Posts Tagged ‘survival mode’

A blanket of Darkness

PTSD feels like a heavy weight, a dark blanket of sadness.

A force applying pressure downward numbing my being.

When my symptoms momentarily subside, I feel lightness return.

I notice the difference, the feeling, the emotional freedom.

I have worked hard to heal, and to be aware of my symptoms traits, strengths, and weaknesses.

When PTSD and depression are active, my waking hours are filled with turmoil, anxiety, and danger.

Desire and opportunity disappear from consciousness, we return to some form of survivor mode.

Survivor mode shuts down parts of the brain, some executive functions while activating our defense mechanism.

Survival replaces desire. Or maybe our greatest desire is to survive above all other desires.

Desire needs a safe place to exist.

PTSD never feels safe to us.

After childhood, we do not trust the world, we fear what may happen to us next.

Maybe this is why we lack direction, confidence, and self-worth.

Survival mode has no direction, it is best used sparingly for a crisis.

Daily use is terrible for our health and emotional sanity.

Understanding survivor mode


Survivor mode means all resources are diverted to defend the organism.

Deep in our cellular structure or the right amygdala, we have spotted a perceived danger.

Some of the prefrontal cortex is offline, where consciousness lives, process and reasoning occur, and understanding of language and words happens.

No wonder we are confused and frightened.

All this is stored in the right amygdala, the side of the brain not accessible consciously.

If the origin of abuse happens in childhood, before the brain has time to mature, the healing process is more complex and daunting.

Example: I am with a friend at an event, on the way back to the car we get mugged and robbed.

He grew up in a supportive atmosphere, making this his first traumatic experience.

He would be diagnosed with PTSD, or simple PTSD, a one-time traumatic event.

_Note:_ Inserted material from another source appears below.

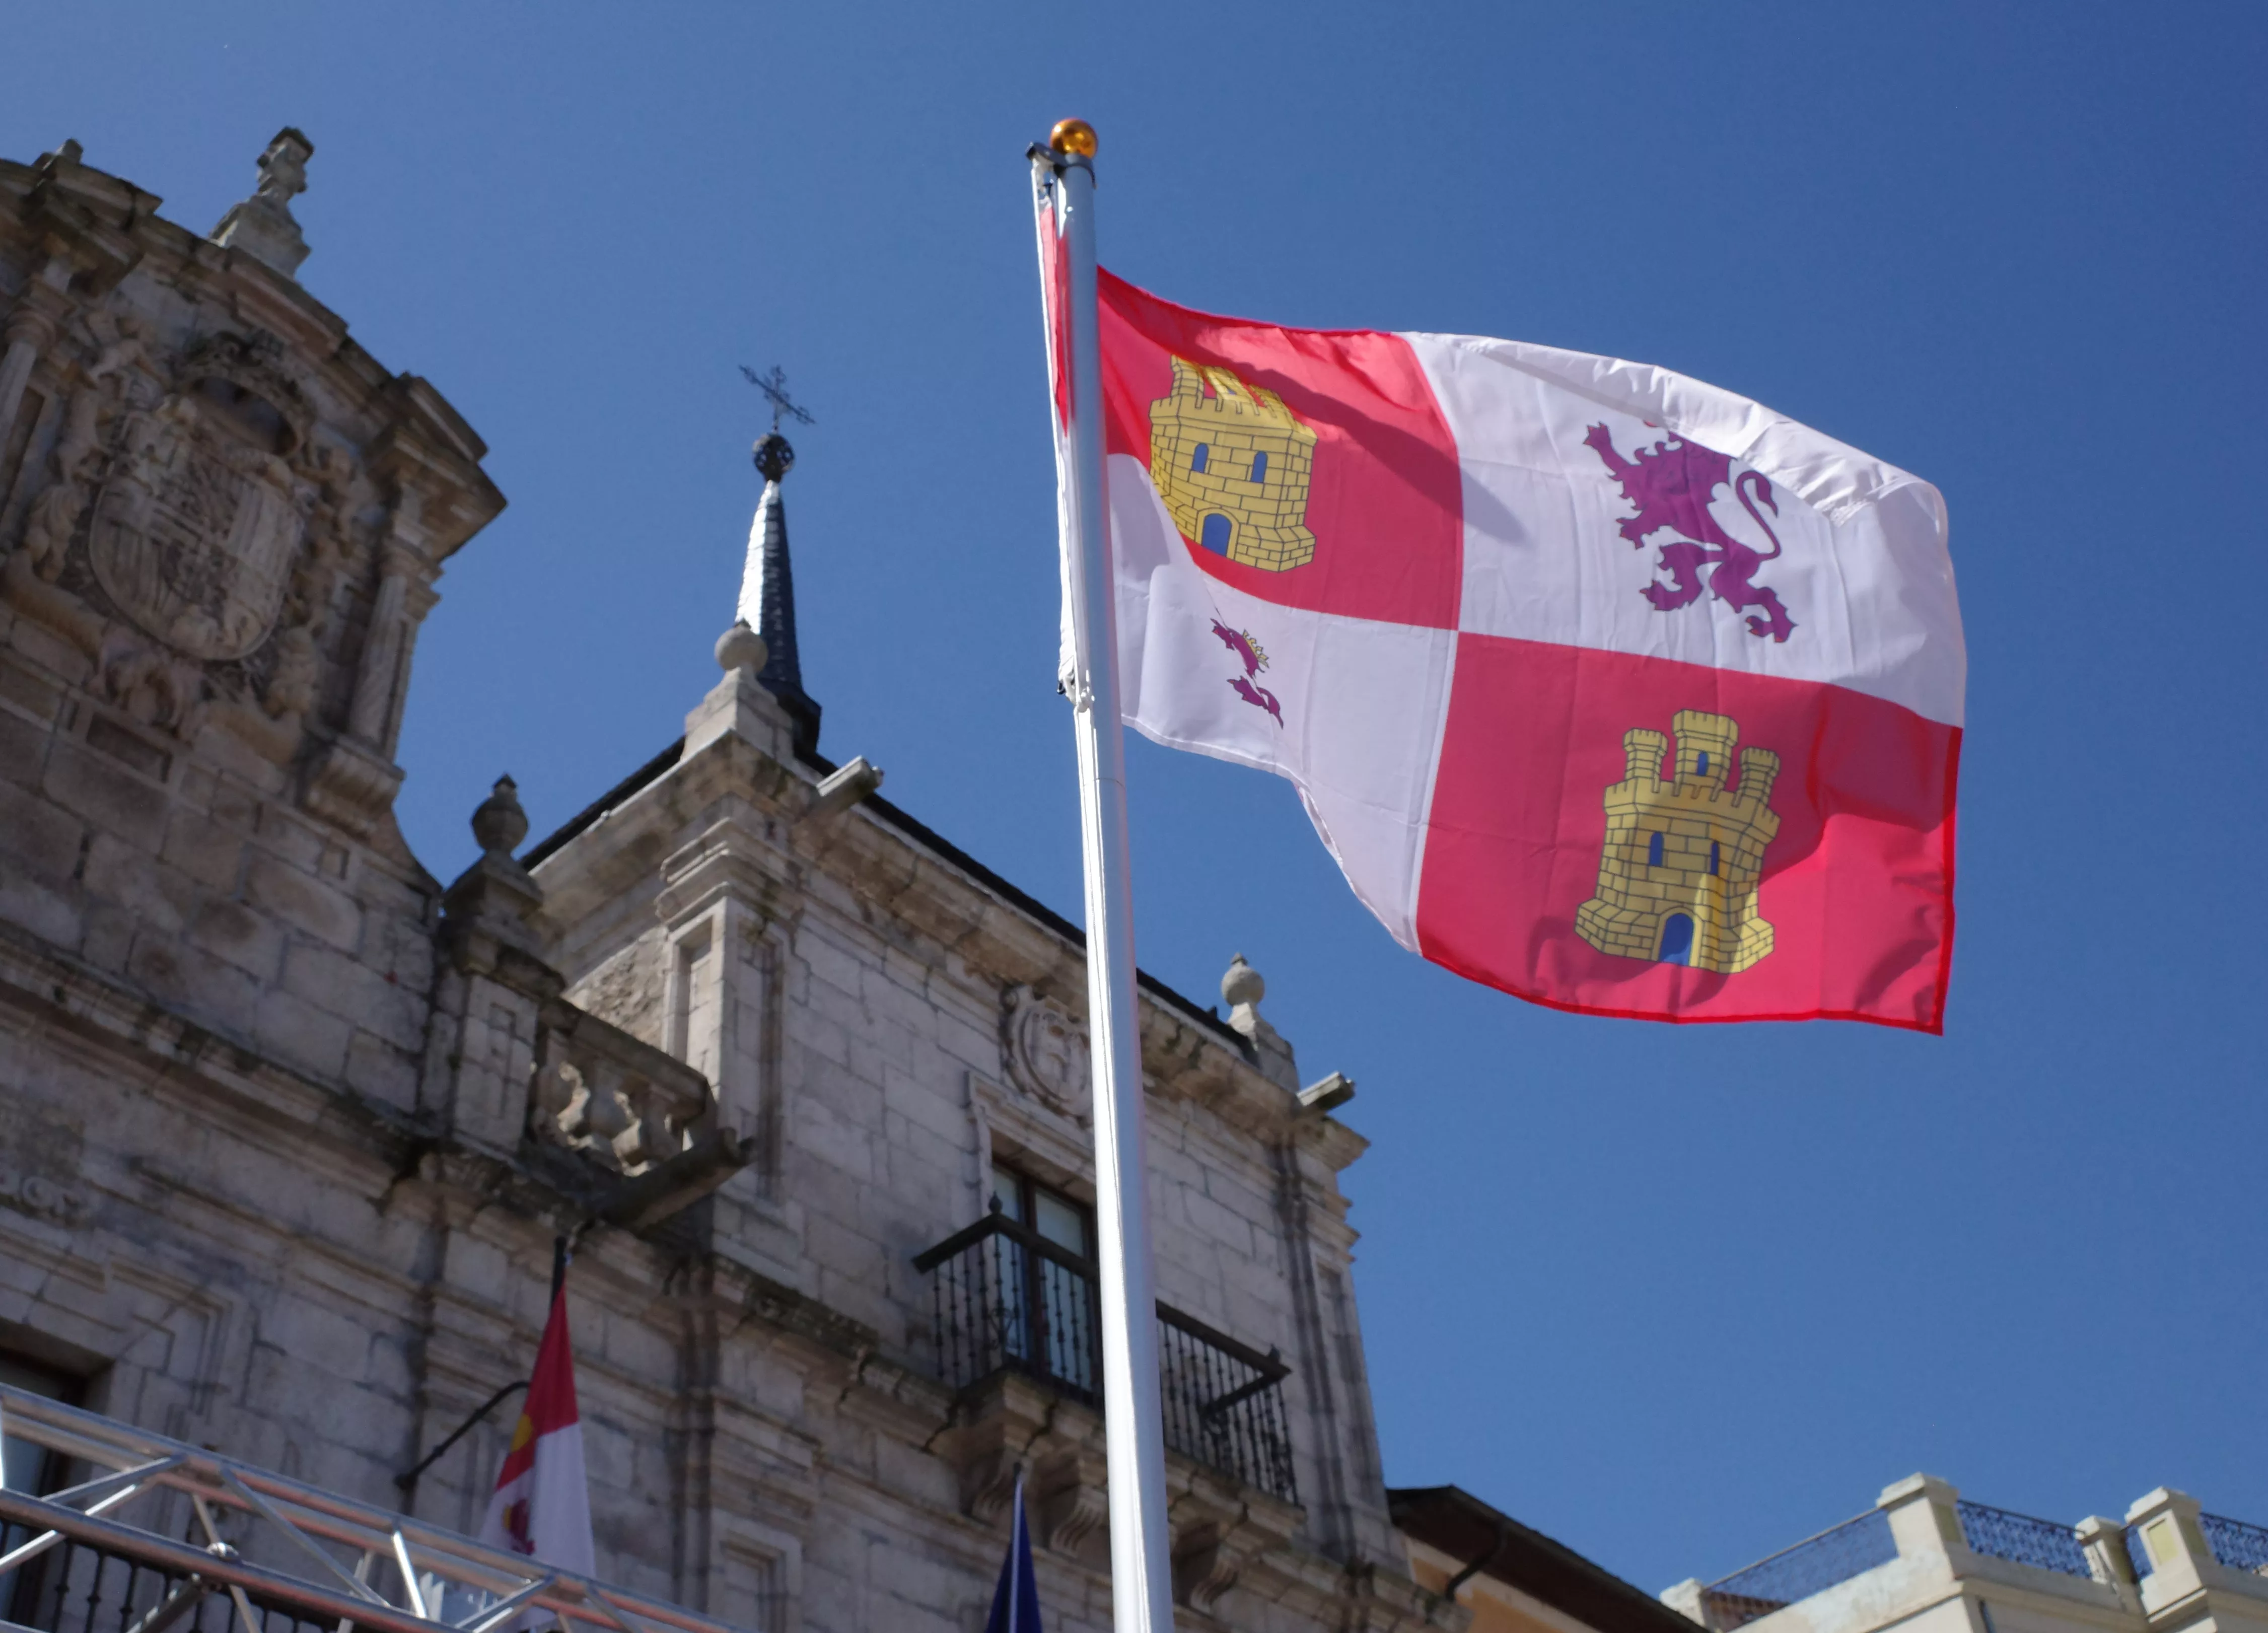 Día de Castilla y León en Ponferrada

His chances of healing are 100% better than my Complex PTSD.

Childhood trauma happens over decades, many, many, many abusive crimes are committed.

Our brains wire differently because of survival mode.

We are superstars at spotting danger, even where no danger exists.

How much can we rewire our brains?

My hybrid survival mode existence



Hiding deep under all conscious thought or memory, I have discovered hard wired core beliefs.

In childhood, functioning in survivor mode, fear of loss and failure was a constant threat from my father.

Now, I find my nervous system occupied with perceived threats, every situation seems to contain a chance of failure. This feeling of danger has stealthily impacted my nervous system and existence.

My fight or flight mechanism does not fire full throttle but the worry of impending failure lives on.

My nervous system never relaxes in a crowd, never feels safe and secure, always wants to escape perceived danger.

All of these worries happen quickly without thought. It precedes thought, I have discovered.

Danielle Young, LPC, NCC writes:

“The thinking brain begins to dim, similar to that of a light switch, and instead our trauma brain or survival brain, begins to brighten. When that light dims, we loose the ability to use these skills effectively. Our survival brain reacts impulsivity in order to maintain self-preservation; it’s tells us that using the executive functioning skills will take too much time to process the information and that safety cannot be guaranteed. The survival brain is trying to keep us alive, but it can make everything feel much more difficult.”

A hybrid survival mode brain has thrived under my normal functioning thinking brain.

All the chances of wellbeing are lost in survival mode.

It has taken years of inner exploration, meditating, to uncover this dysfunctional mode of living.

I think this is the final peeling of the onion, my PTSD core strength is hidden in survival mode.